WHAT TO DO — Type the listing below out again exactly. No images.

STORED DATA —

※

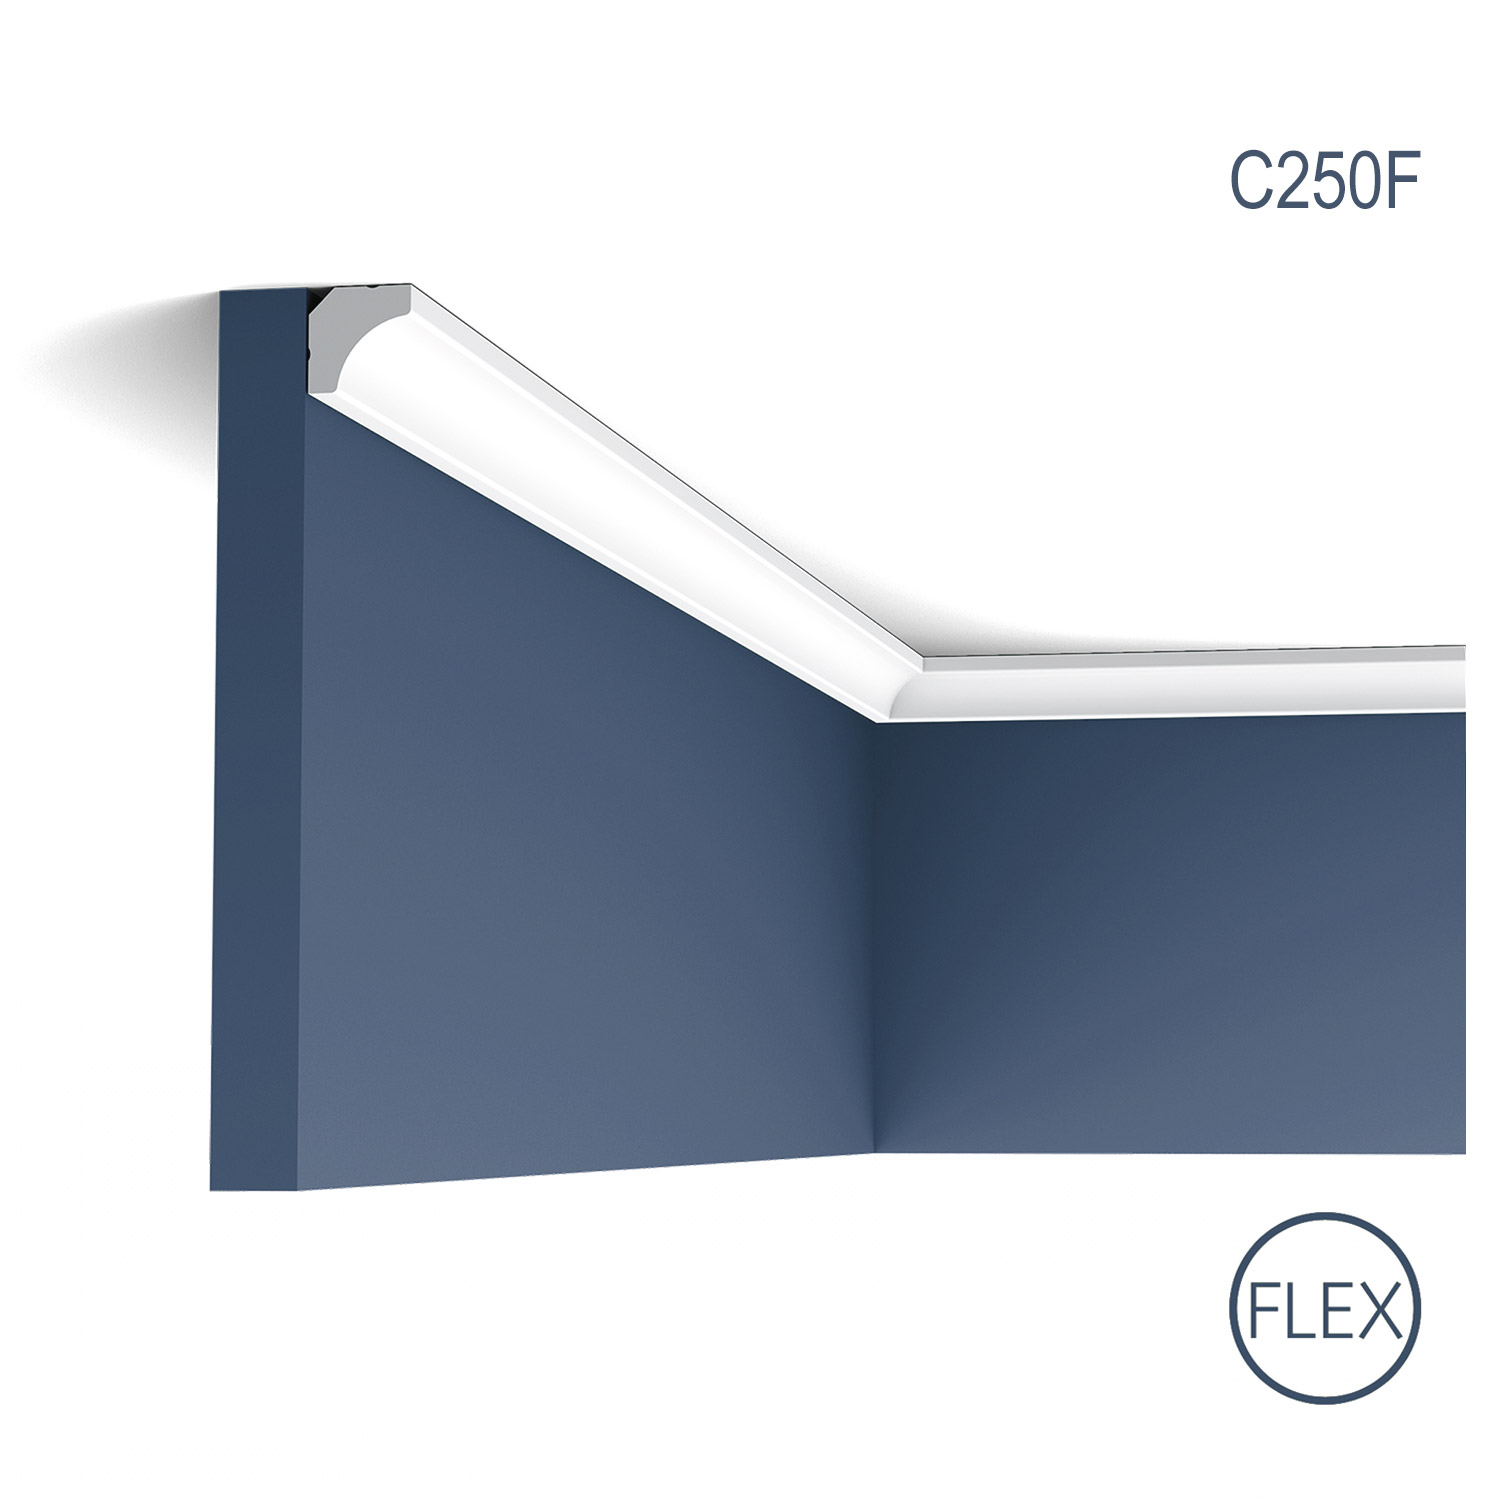 Cornisa Flex Luxxus C250F, Dimensiuni: 200 X 1.6 X 1.6 cm, Orac Decor
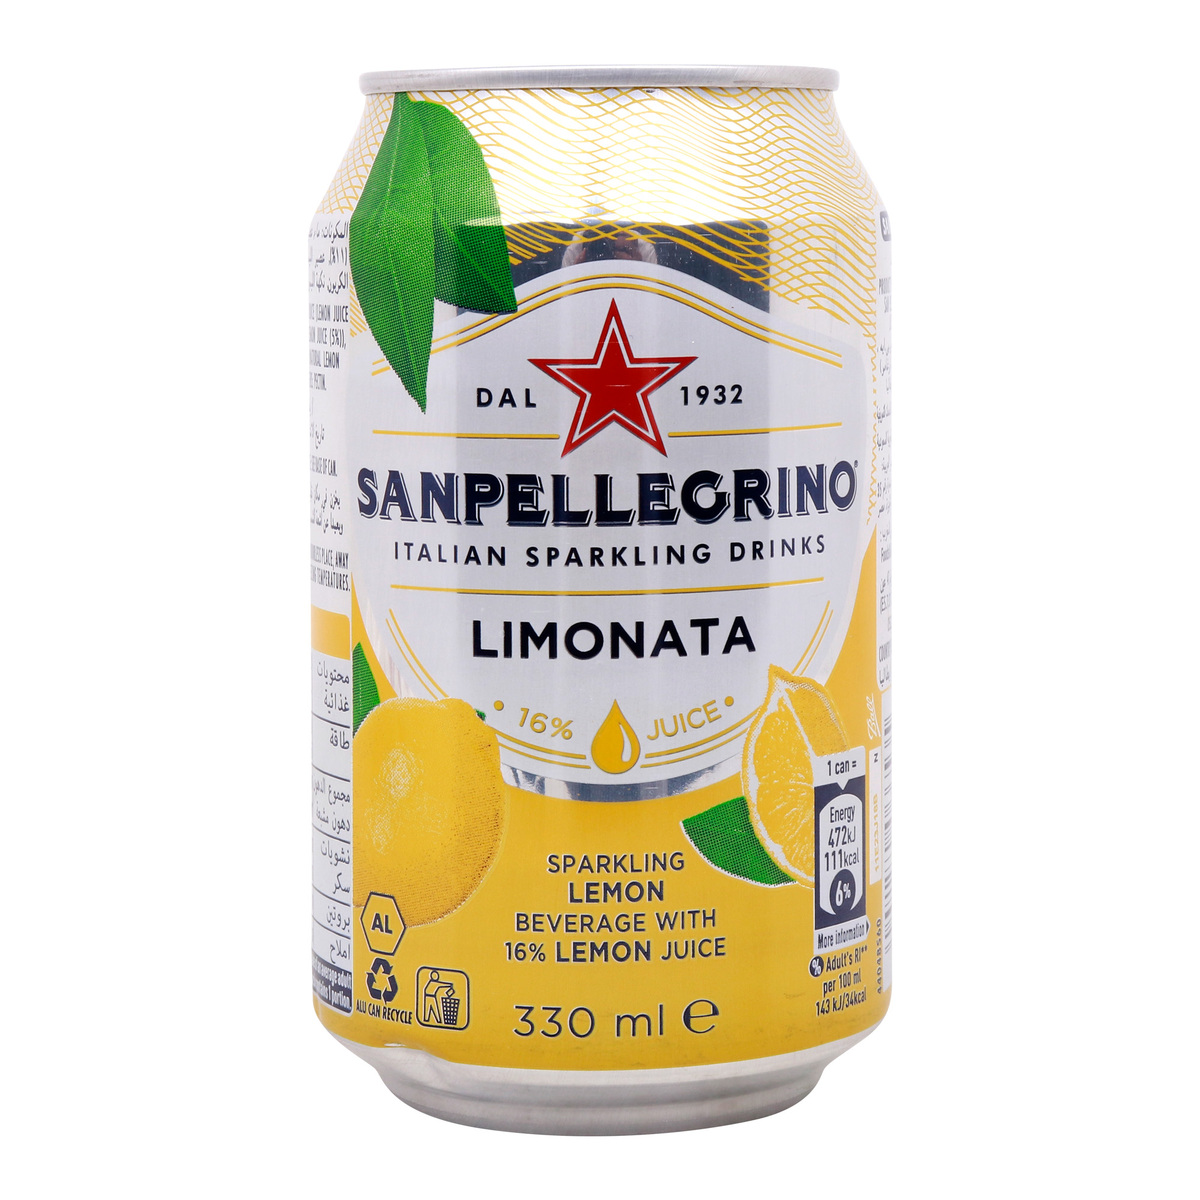 San Pellegrino Limonata Italian Sparkling Drinks 6 x 330 ml
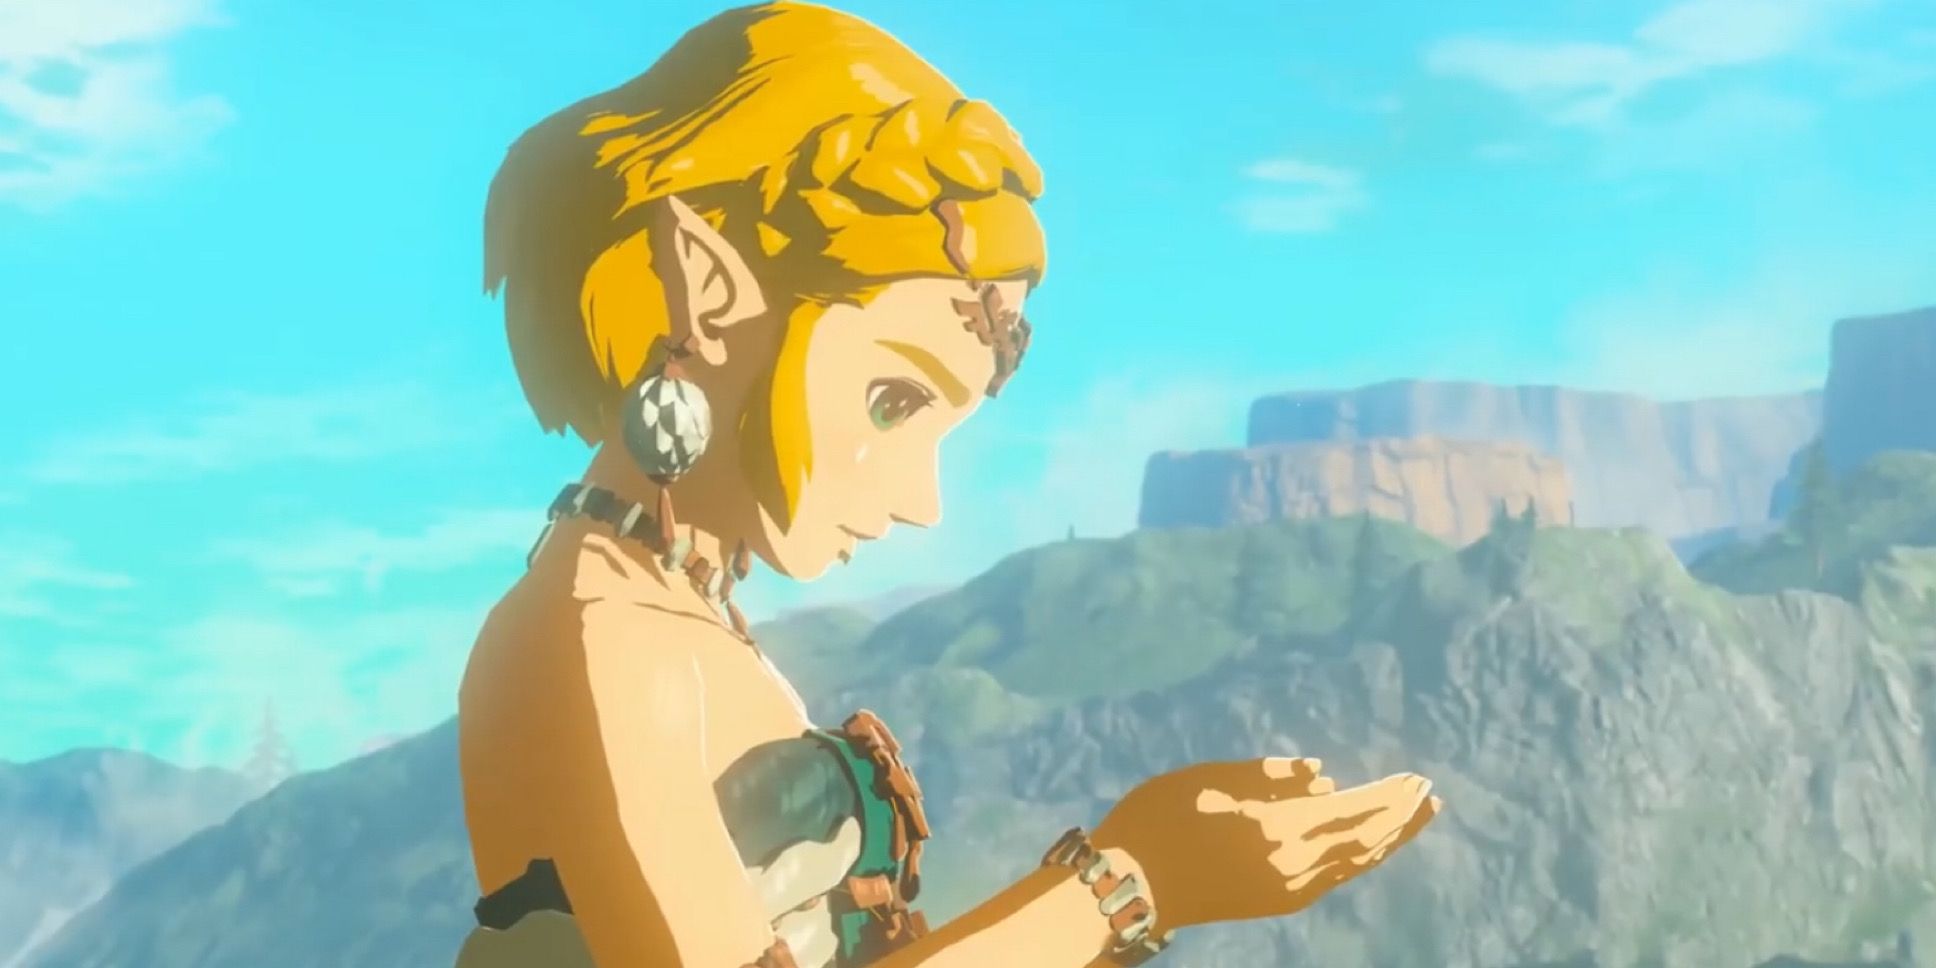 Princess Zelda looks at a Tear item in Tears of the Kingdom’s final trailer

※

RESPONSE FOR THIS EXERCISE —
 Cornisa Flex Luxxus C250F, Dimensiuni: 200 X 1.6 X 1.6 cm, Orac Decor
 San Pellegrino Limonata Italian Sparkling Drinks 6 x 330 ml
 Princess Zelda looks at a Tear item in Tears of the Kingdom’s final trailer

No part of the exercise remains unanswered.